Skip to main content

Technical Architecture

This chapter provides an in-depth introduction to Curvine's technical architecture, detailing the functionality, interaction patterns, and design principles of each layer component to help you comprehensively understand how the Curvine system works.

Architecture Overview​

Curvine adopts a layered distributed architecture design that ensures clear component responsibilities with excellent scalability and high availability. The entire architecture is primarily divided into three layers: control layer, compute layer, and storage layer, which collaborate to complete data storage, processing, and management tasks.

Curvine cache consists of three main components: mount-arch

Curvine Client: Data read/write operations are implemented by the client, which calls Curvine server-side interfaces through RPC to perform data read/write operations.
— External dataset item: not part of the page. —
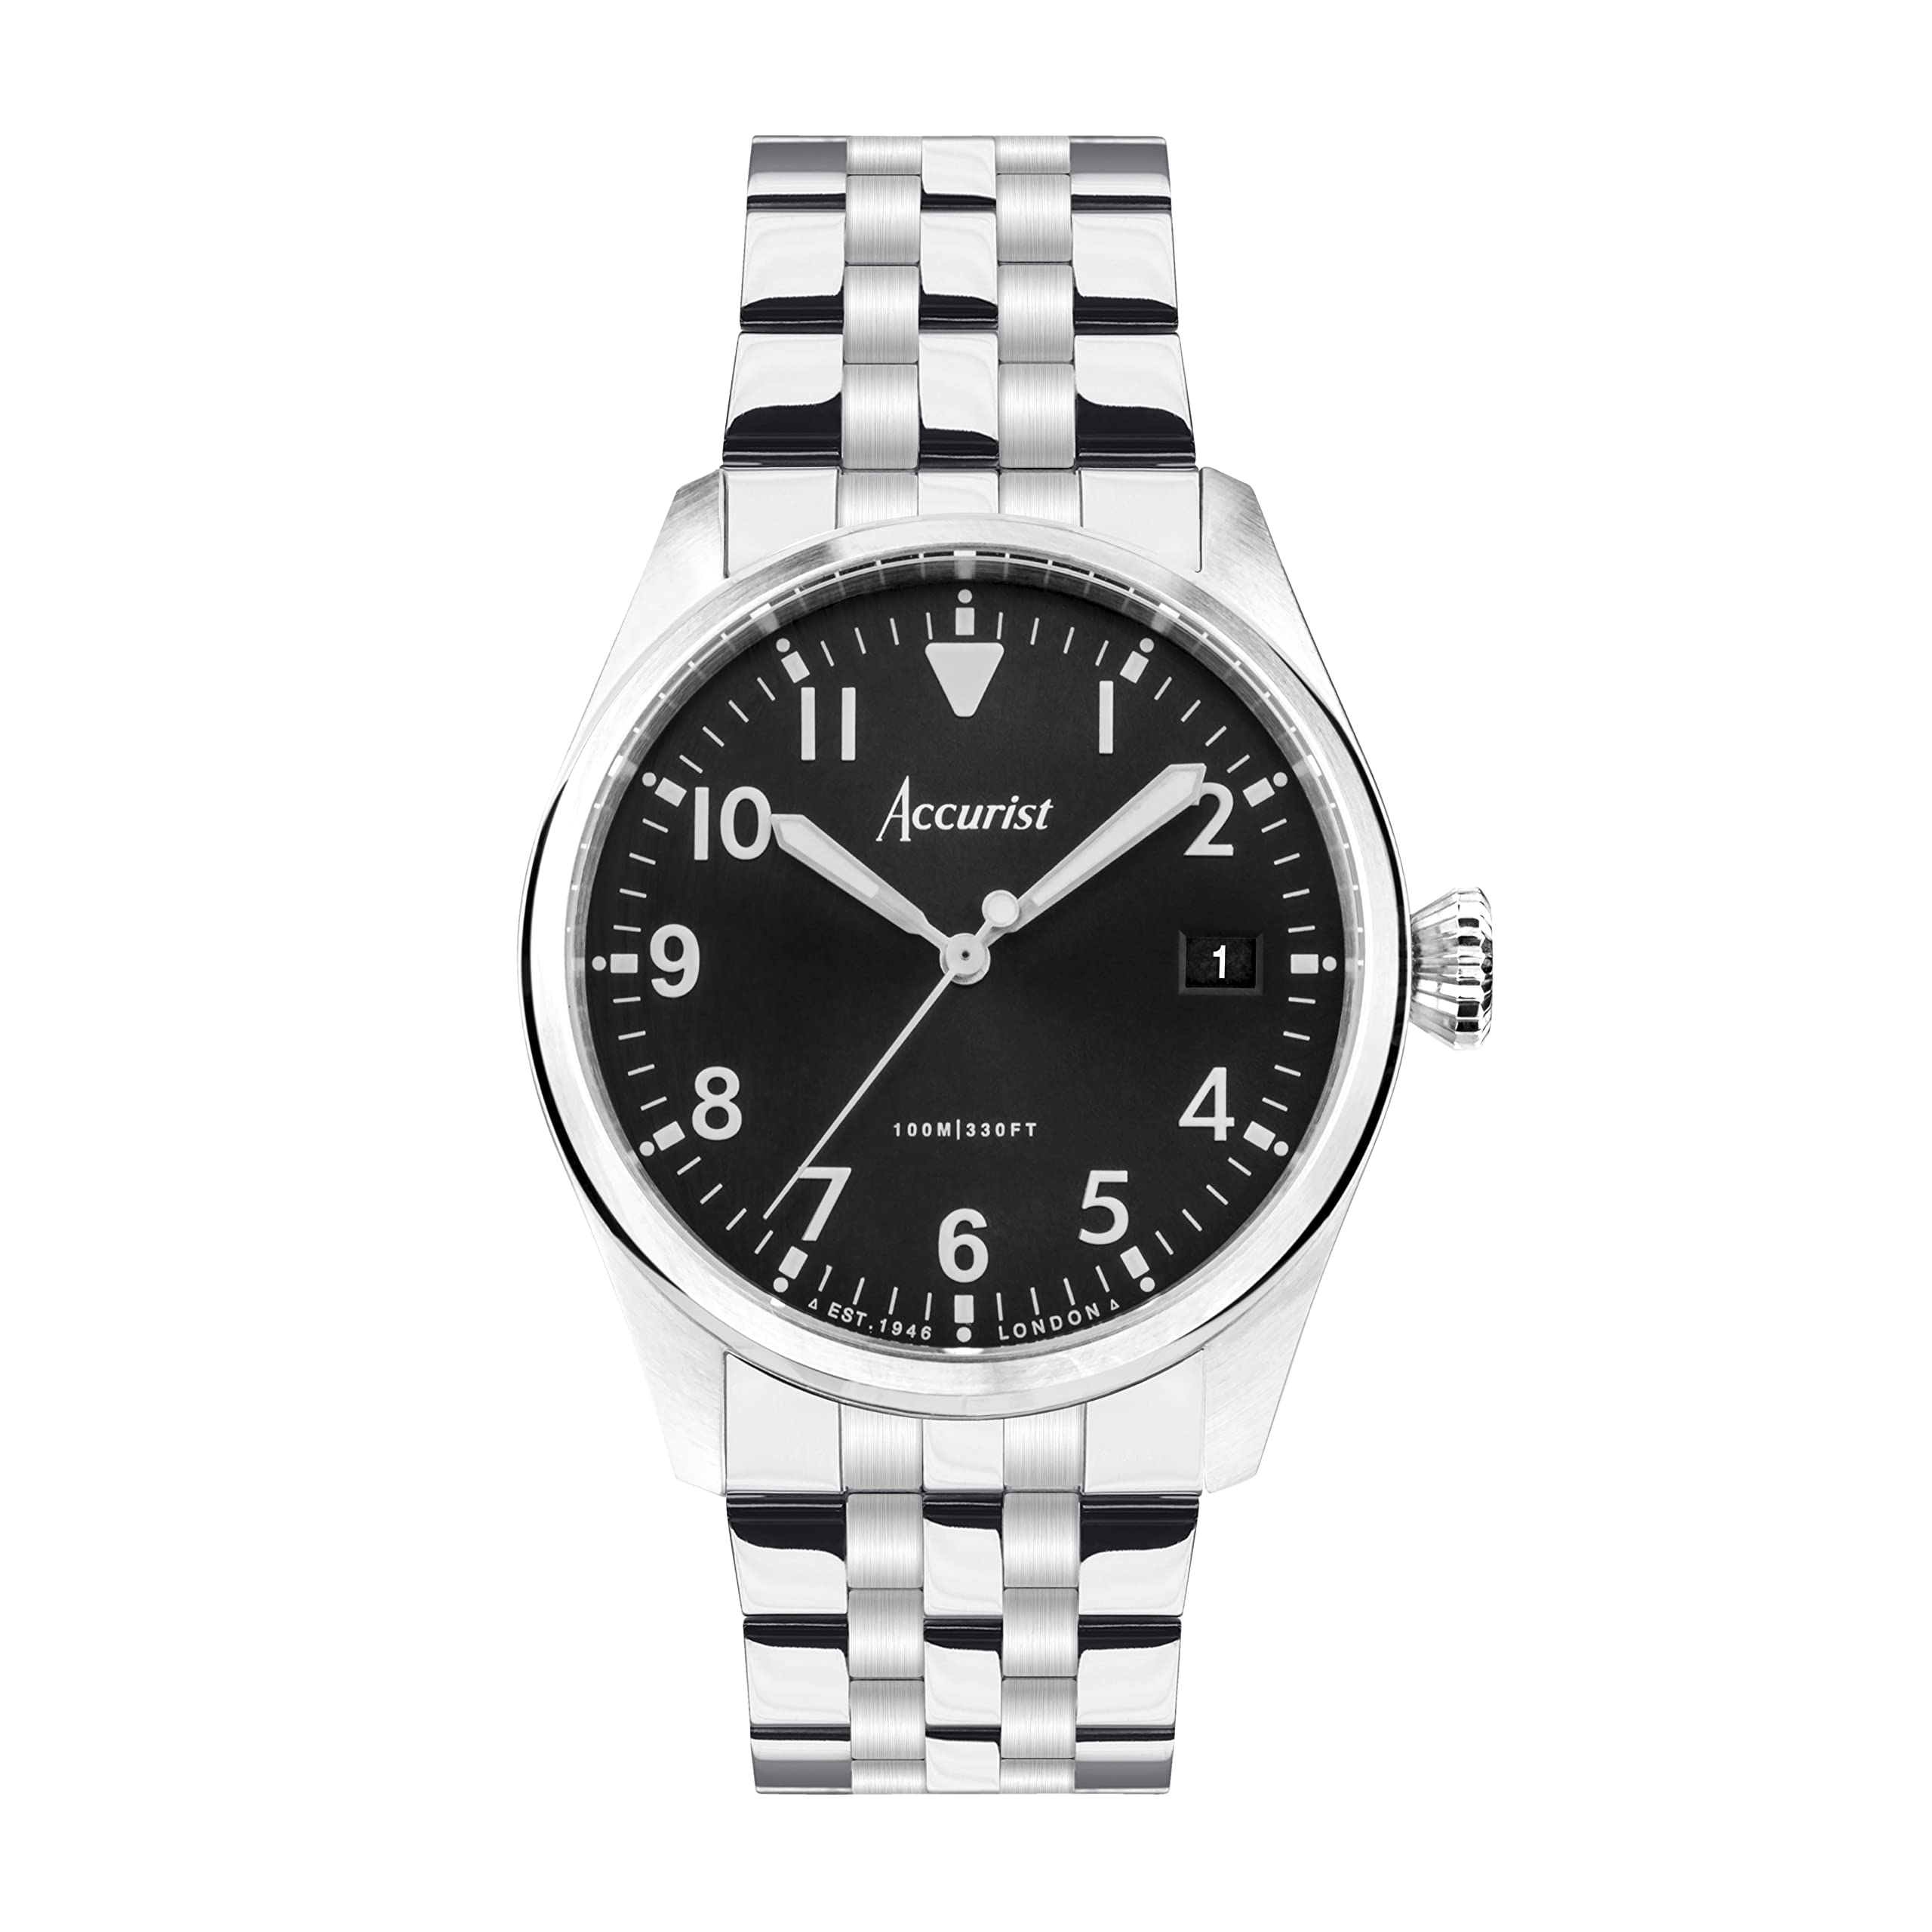 Accurist Aviation 41mm Quartz Watch in Black with Analogue Display and Stainless Steel Bracelet 76000並行輸入品

The client needs to interact with both Master and Worker nodes. The client supports multiple access methods:

  • FUSE: Curvine mounts to servers in a POSIX-compatible manner, functioning as local storage
  • Hadoop Java SDK: Curvine provides Hadoop Java SDK supporting the Hadoop ecosystem
  • Rust SDK: Curvine provides Rust SDK supporting the Rust ecosystem

Master: The core control node of the system, responsible for cluster state management, task scheduling, metadata management, and other critical functions. Master achieves distributed consistency and high availability through Raft protocol without depending on external components.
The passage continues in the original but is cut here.